From the research I’ve done recently for my counseling internship, very practically, people who experience depression have a harder time filtering out negative thoughts. Everyone has positive and negative thoughts. But when you experience depression, it’s like there’s a filter that removes all the positive ones, and leaves only the negative.

Imagine the frustration. You want to get better, you want to choose joy over sadness. But. How do you actually do that without just suppressing your feelings and burying them deep? Cognitively, it’s takes a lot of work and practice to filter those thoughts. To identify what you’re feeling, evaluate why you’re feeling it, and find alternative ways to view the situation. And then adapt to those alternative perspectives instead.

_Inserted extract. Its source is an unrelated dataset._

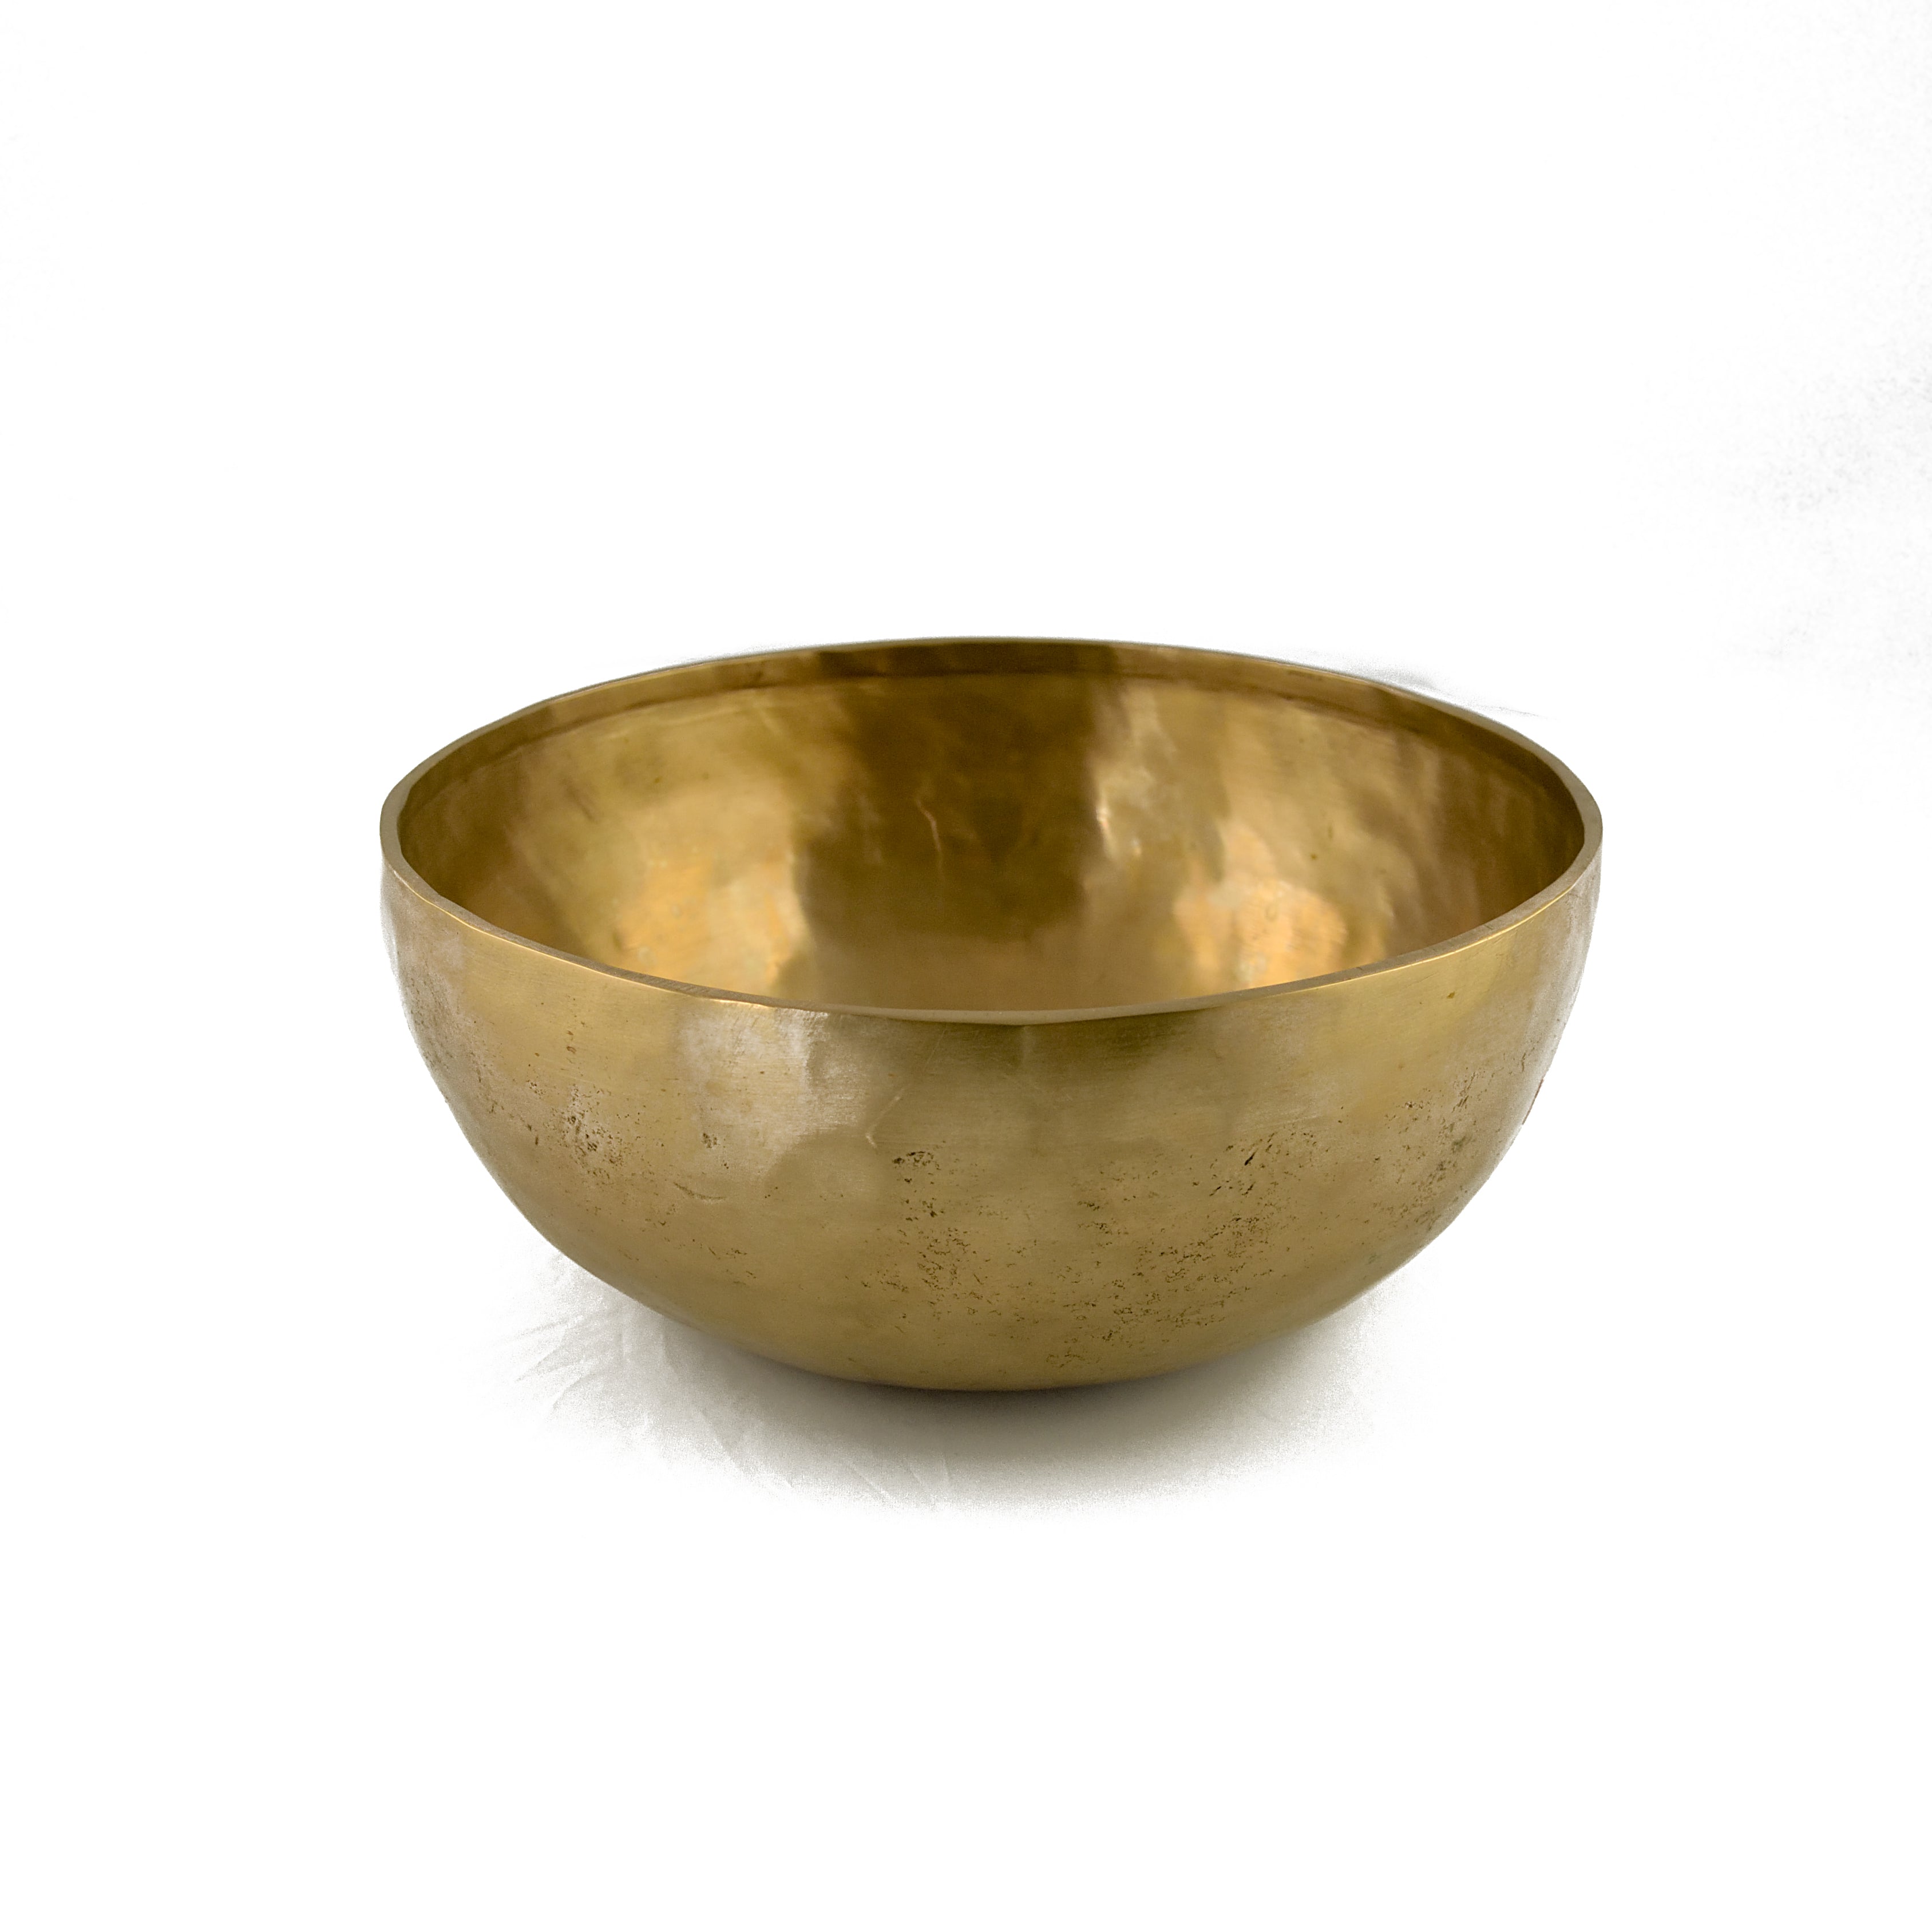 Tibetan Singing Bowl (Large) 1500-1599 gm

We usually completely accept our automatic, immediate thoughts in a given situation. But sometimes our automatic thoughts aren’t based on any real factual evidence, and we end up causing ourselves a lot of emotional distress for no reason. For example, if a friend passes by you without saying hello, you could think, “He’s ignoring me. I must have done something to upset him. He doesn’t like me anymore.” Instead, what about something like, “I wonder what’s going on with him today? He doesn’t seem like himself.”

For a tired mind, challenging these thoughts just feels impossible. And I feel lazy. I hear myself saying, “Just do it. Just get over it. Just feel better.” And to someone who may not have ever experienced this before, you’re probably thinking the same thing.

Every moment and every event of every man’s life on earth plants something in his soul.” – Thomas Merton

Growth takes time. I’m choosing to accept the fact that all I will ever be is a beginner. Beginnings are exciting. Beginnings mark new adventures. New growth. New learning. New people. And all that has come before helps make me who I am.

So, one foot in front of the other, I’m going to strive to choose joy in every situation over sadness, anger, frustration, or whatever else. And it’s going to be difficult. But I’m also going to be honest with myself. And honest with other people without shame or guilt. In the midst of all my own fears of graduating and moving on to what’s next for us, I know that where I am is a great place. Full of experience, love, joy, and purpose. Cheers to what’s next.